Task goal —
Below are entries with pictures in them. Output exactly the lines starting at the line with "何仁清-美团外卖智能语音助手背后的技术" and ending at the line with "Am 5. Oktober", both included, but not the pictures.

Exercise inputs —

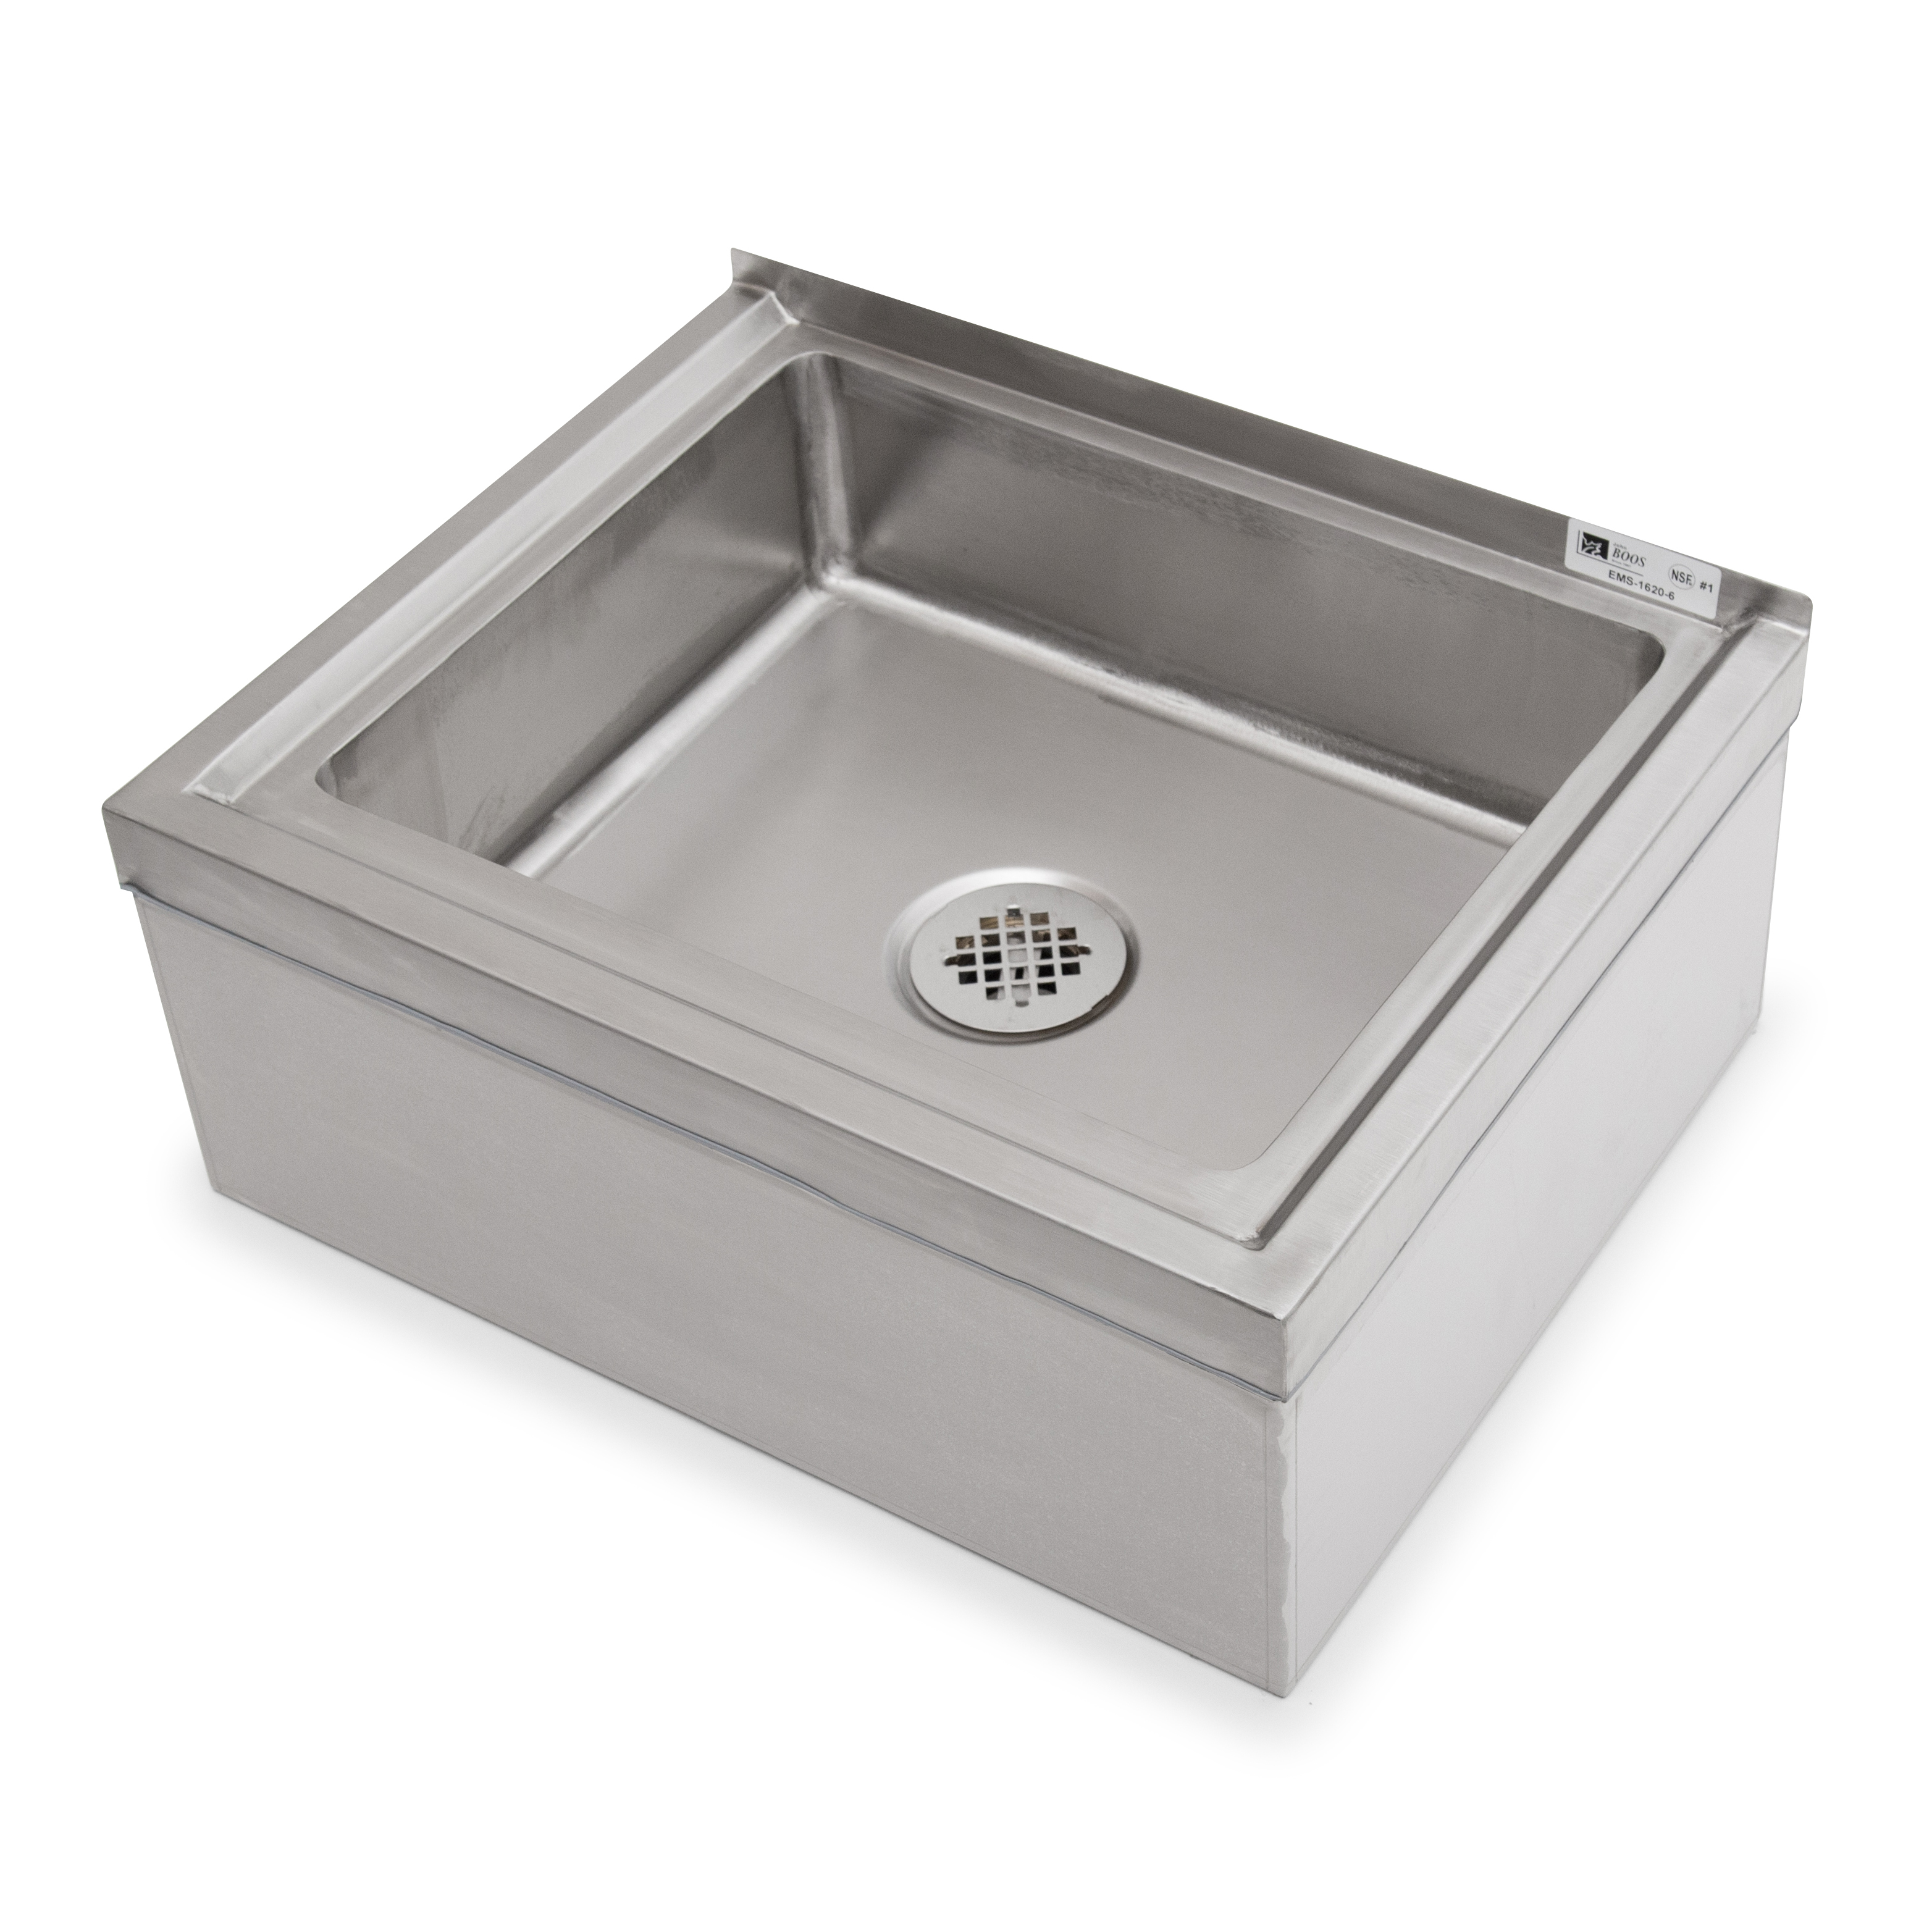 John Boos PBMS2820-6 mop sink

--

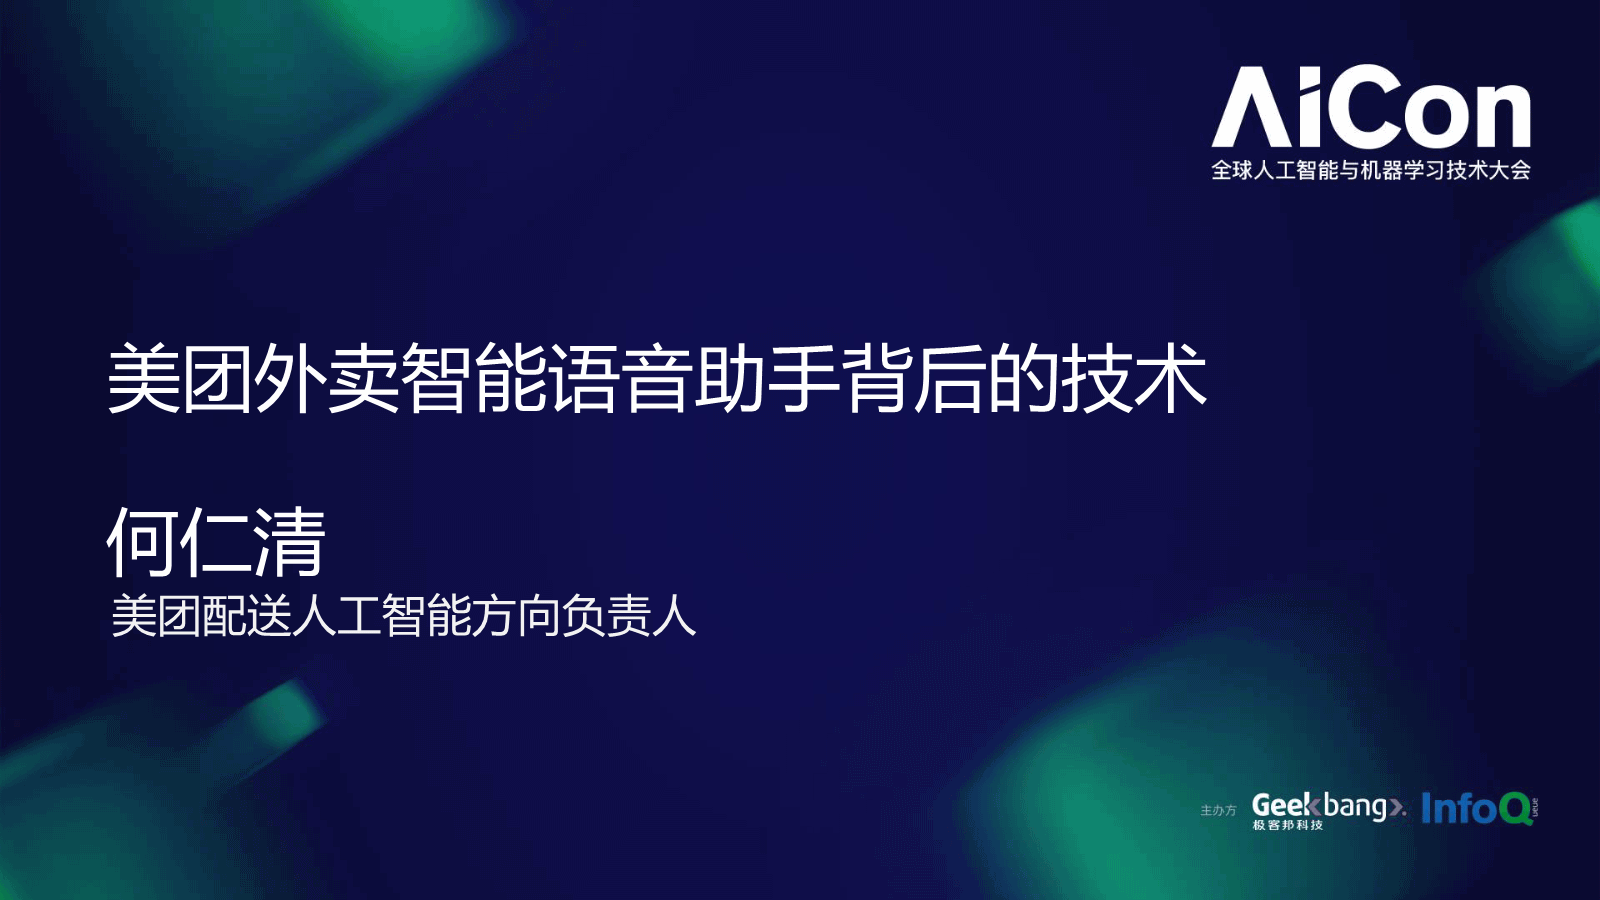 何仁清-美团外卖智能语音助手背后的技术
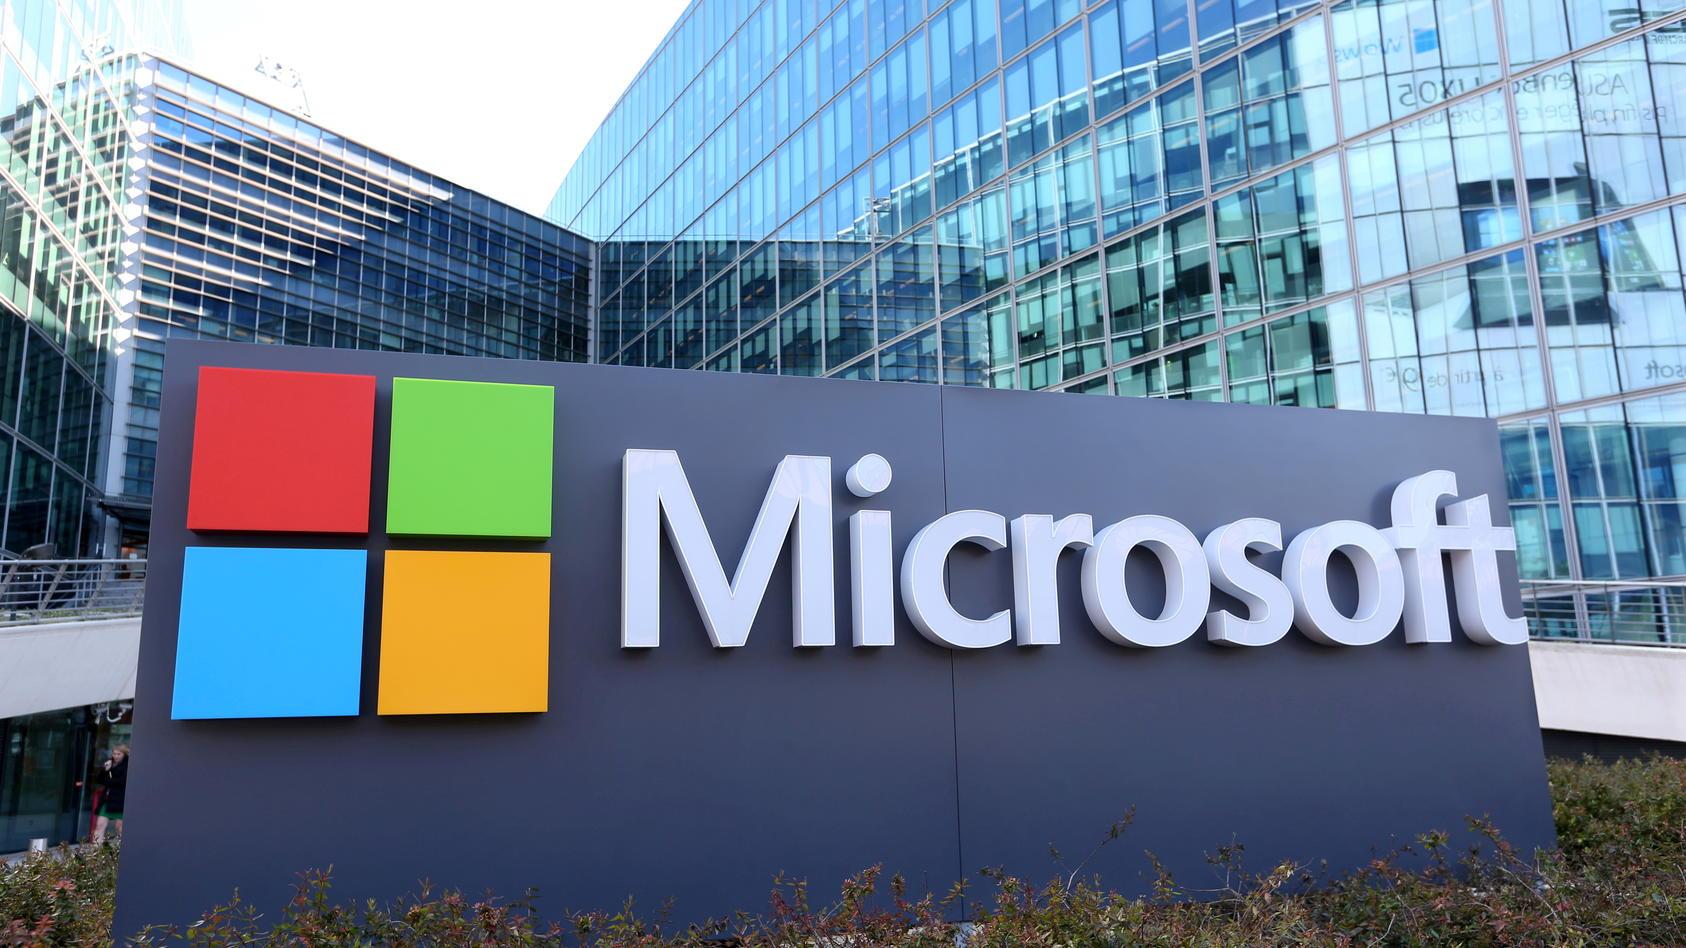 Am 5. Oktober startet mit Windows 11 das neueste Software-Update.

The answer —
 何仁清-美团外卖智能语音助手背后的技术
 Am 5. Oktober startet mit Windows 11 das neueste Software-Update.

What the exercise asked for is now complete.